---------- Data provided

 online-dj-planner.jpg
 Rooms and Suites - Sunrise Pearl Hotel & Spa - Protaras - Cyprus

--------------------
---------- Data provided

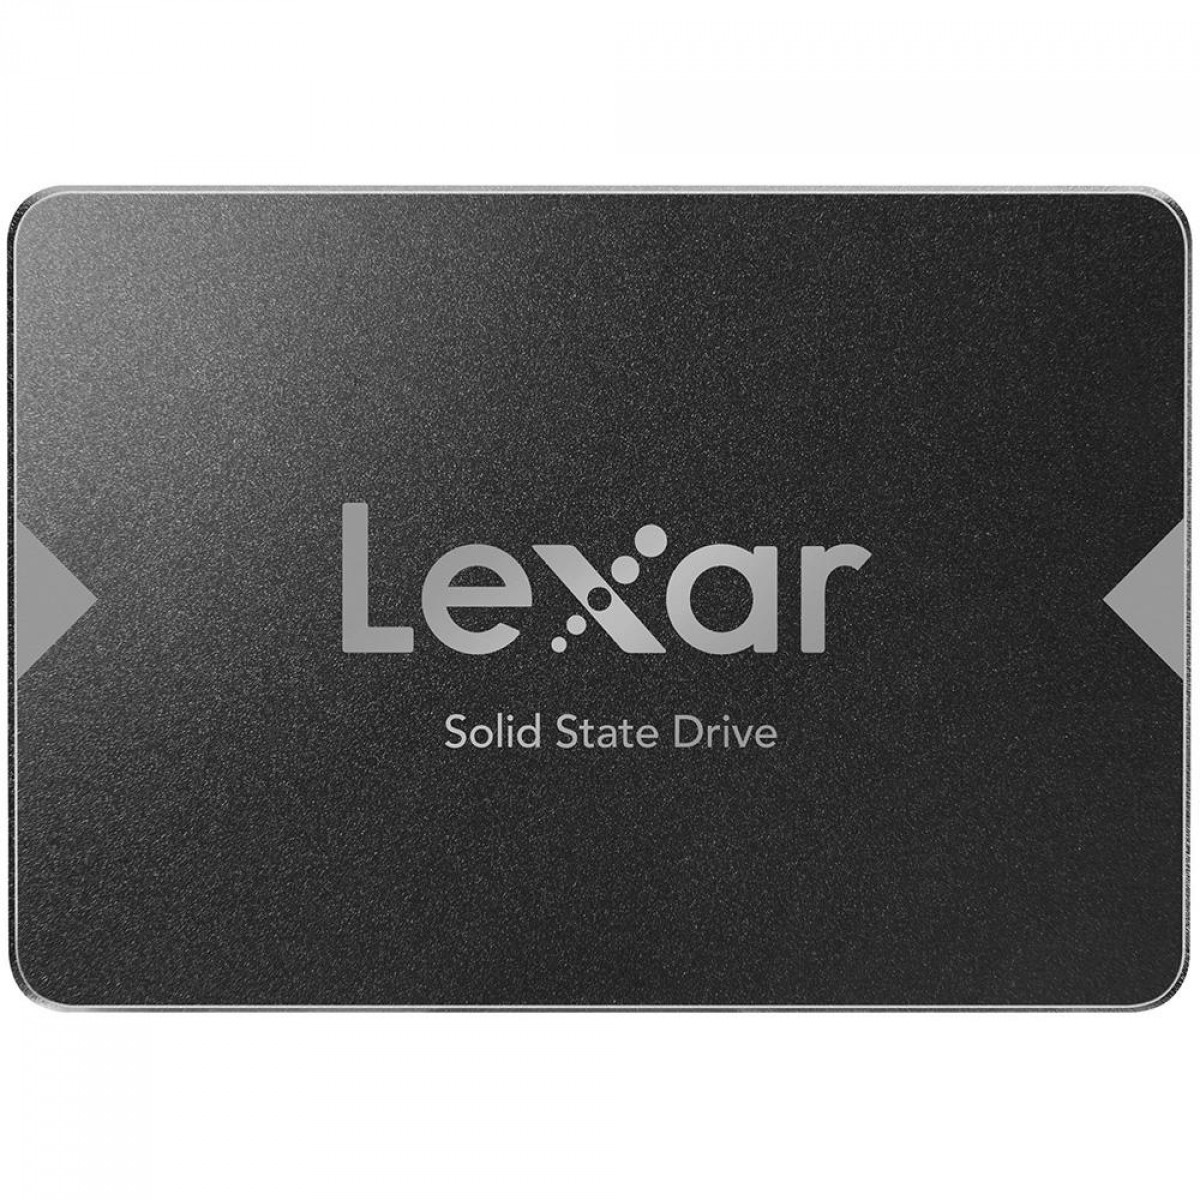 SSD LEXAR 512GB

--------------------
---------- Data provided

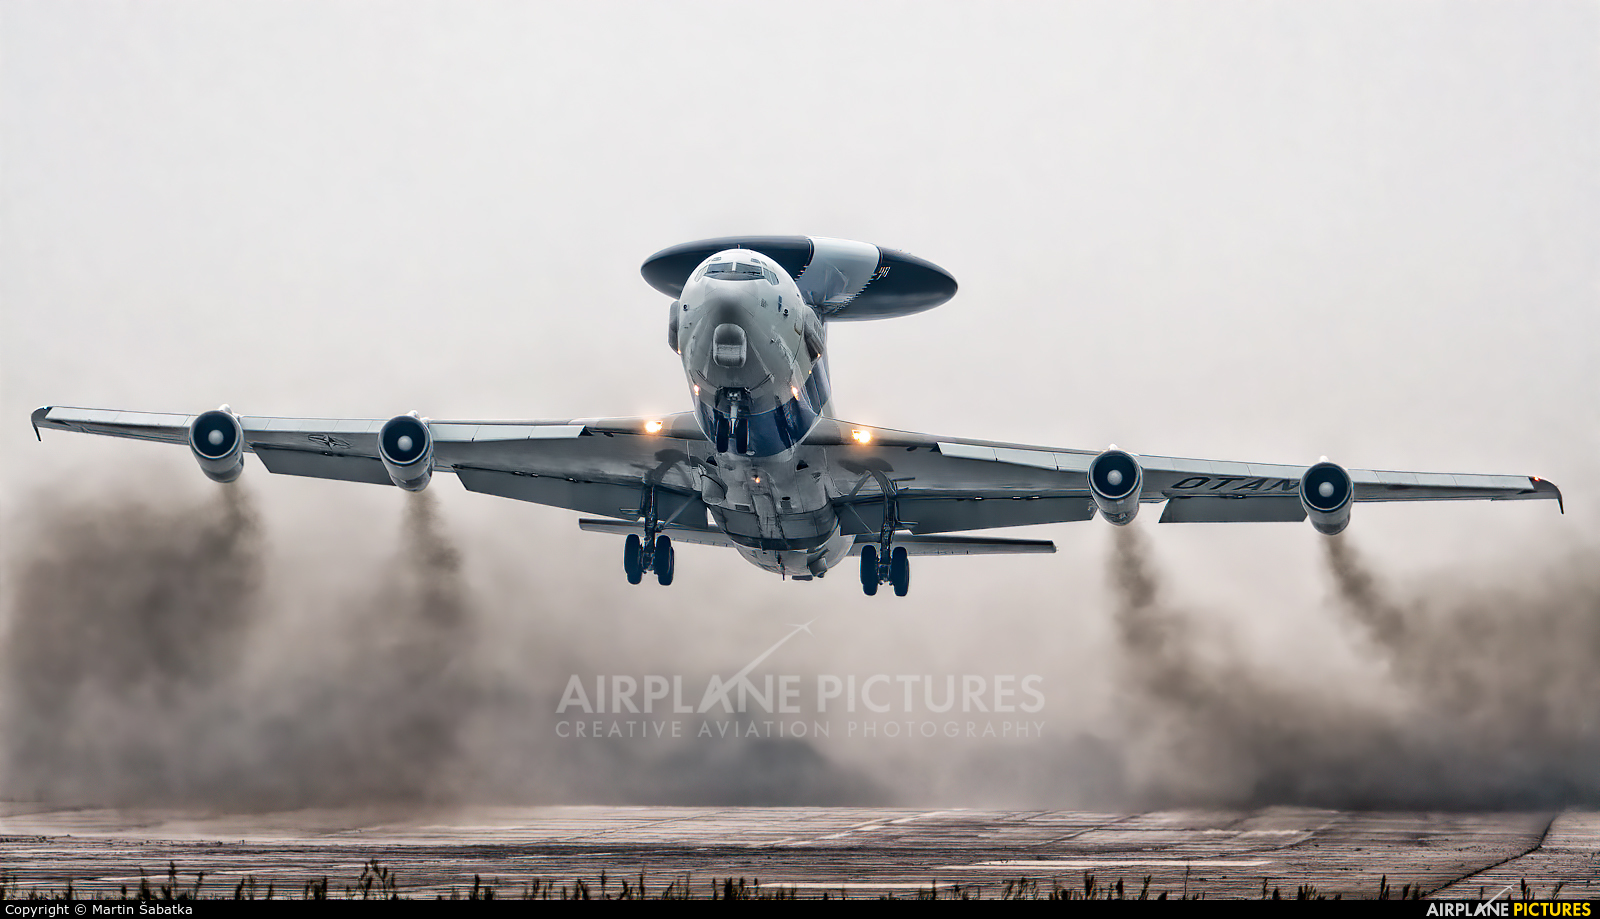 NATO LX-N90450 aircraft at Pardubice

--------------------

*What the exercise asks:* Your task is to restate, word for word, only those lines above that fall between the line holding "online-dj-planner.jpg" and the line holding "Rooms and Suites", inclusive.

*Written solution:*
 online-dj-planner.jpg
 Rooms and Suites - Sunrise Pearl Hotel & Spa - Protaras - Cyprus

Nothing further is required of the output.